December 2013 Now here’s a mystery. You’re a visiting diner to the Kennebunks. Wine stewards in many of the glittering bistros whisper, with unreserved enthusiasm, “If you want to sample a local legend, try Rat’s Reserve.”
It is all that.
Eateries as diverse as the White Barn Inn and Nunan’s (two favorite destinations rarely mentioned in the same breath) proudly serve it. Sure, but who is this guy, and why have his blends made him such a cult figure?

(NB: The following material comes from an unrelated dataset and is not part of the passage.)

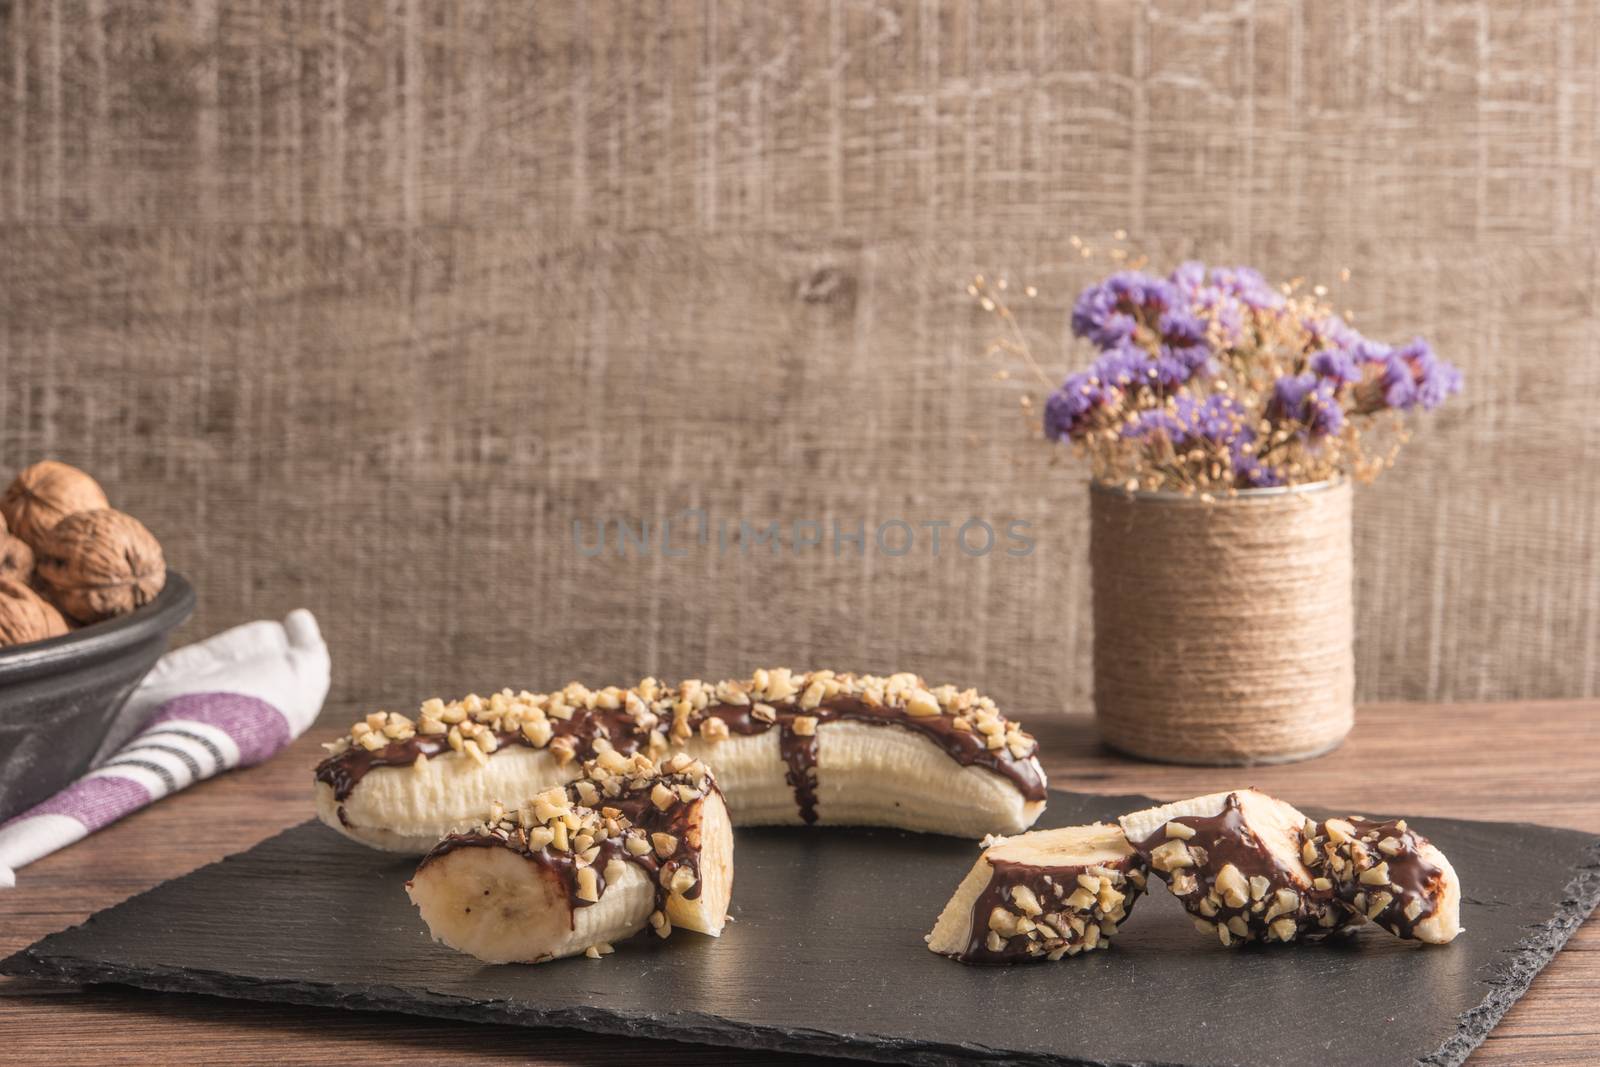 Fresh banana with melted chocolate and nuts coverage on slate

“I guess I have to get the nickname Rat out of the way first,” says Paul Carr, a wine expert who works as an executive with Nappi Distributors. “My first year at The Shawmut Inn was 1967. I was 15 that summer and at an odd growth stage–large nose, little legs. A girl with a large personality, Tweeze Hunter, thought I looked like a Dachshund–big nose, short legs–so my first nickname was Ratdog, then Ratboy (Brookie MacDonald from Hurricane gave me that), then Ratman, then Rat, back when no one could remember two syllables in the 1970s. Since then, my face has grown around my nose and it doesn’t look as big!”
Kennebunkers couldn’t resist Rat’s charm from 1967 to 1976, when he worked at the Shawmut; 1976 to 1983, when he worked at the Port House; and 1983 to 1990, when he owned Forefathers Tavern with Chuck Reid.
Then fate stepped in and made Rat a star. How do you go from being an oenologist to wine blender? It’s always about timing.
“Jedediah Tecumseh Steele, or Jed, was the original head winemaker and vice president for the first 10 years of production for Kendall-Jackson wines,” Carr says. “He went out on his own in 1990. I was invited to work crush for Jed at the Steele Wines winery in Lake County, California, in October of 2006.” Carr’s life was beginning again at age 54. Possibly out of consideration for his new hire’s nearly suffering “a stroke due to all the heavy work of crush,” Jed Steele told Rat he’d fulfill his dream of making just “one barrel (about 25 cases) of Rat’s Reserve Pinot Noir on his label.”
This first barrel garnered such rave reviews that Steele still commissions Carr to create his special blends even though he chose to return to Maine; Carr creates new blends from samples sent by Steele that he combines with his wife Lynne at their home on Goose Rocks Beach. “The only places you can buy Steele Rat’s Reserve on Earth are in Cumberland and York counties!
“Today, I’m on my sixth vintage of Steele Rat’s Reserve Pinot Noir and my fifth vintage of Steele Rat’s Reserve Chardonnay. My wife, Lynne, an artist, did the original artwork for the label. It had a rat wearing a tuxedo, as I used to wear at Forefathers Tavern, holding a tray of wine glasses. My tail circled up from the neck of the bottle to the capsule. Problem was, the tail got ripped in the bottling line, so the work was shortened and put on the left side of the label. I now do six barrels of each wine, or 150 cases of each, for every vintage.”
Barrel samples “are sent to me every December. Jed sends them to me at our home, and we do the blending together.” Now for the magic. “During blending, it doesn’t taste like it will when it’s ready for drinking. For example, the Pinot Noir gets 16 months in relatively new barrels. You have to learn how to taste the future.
“Just so I don’t upset anyone who has stood behind my wine and helped me from the start, I’ll list the places selling it by the bottle or by the glass: The Arundel Wharf, David’s Boathouse & Marina, Bintliff’s, The Colony Hotel, Cape Neddick Inn, Down East Wine Imports, Earth, H.B. Provisions, Hurricane (Brookie was the first person to put both wines on by the glass, and Hurricane in Ogunquit is where I first met Jed), Kennebunk Inn, Linda Bean’s, Nonantum Resort, Nunan’s Lobster Hut, Tides Beach Club, Village Tavern, White Barn Inn.”
The former Grissini used to carry it. Also Wells Beach Steak House. Note how Carr’s list is in alphabetical order. This is the type of person you want blending your wines. This is one organized Rat.
A review from a California wine expert: “Dark and luscious…The Steele ‘Rat’s Reserve’ Pinot Noir is a medium-bodied wine. It’s a round, smooth, pleasant wine. As with all good Pinot Noirs, the ‘Rat’s Reserve’ delivers strong cherry and berry flavors at first before melting into other flavors. After the first punch of cherry and strawberry, I picked up tones of cola and sassafras. It finished with a long, earthy note. This wine has an excellent, complex structure… This wine could easily become one of my favorites.”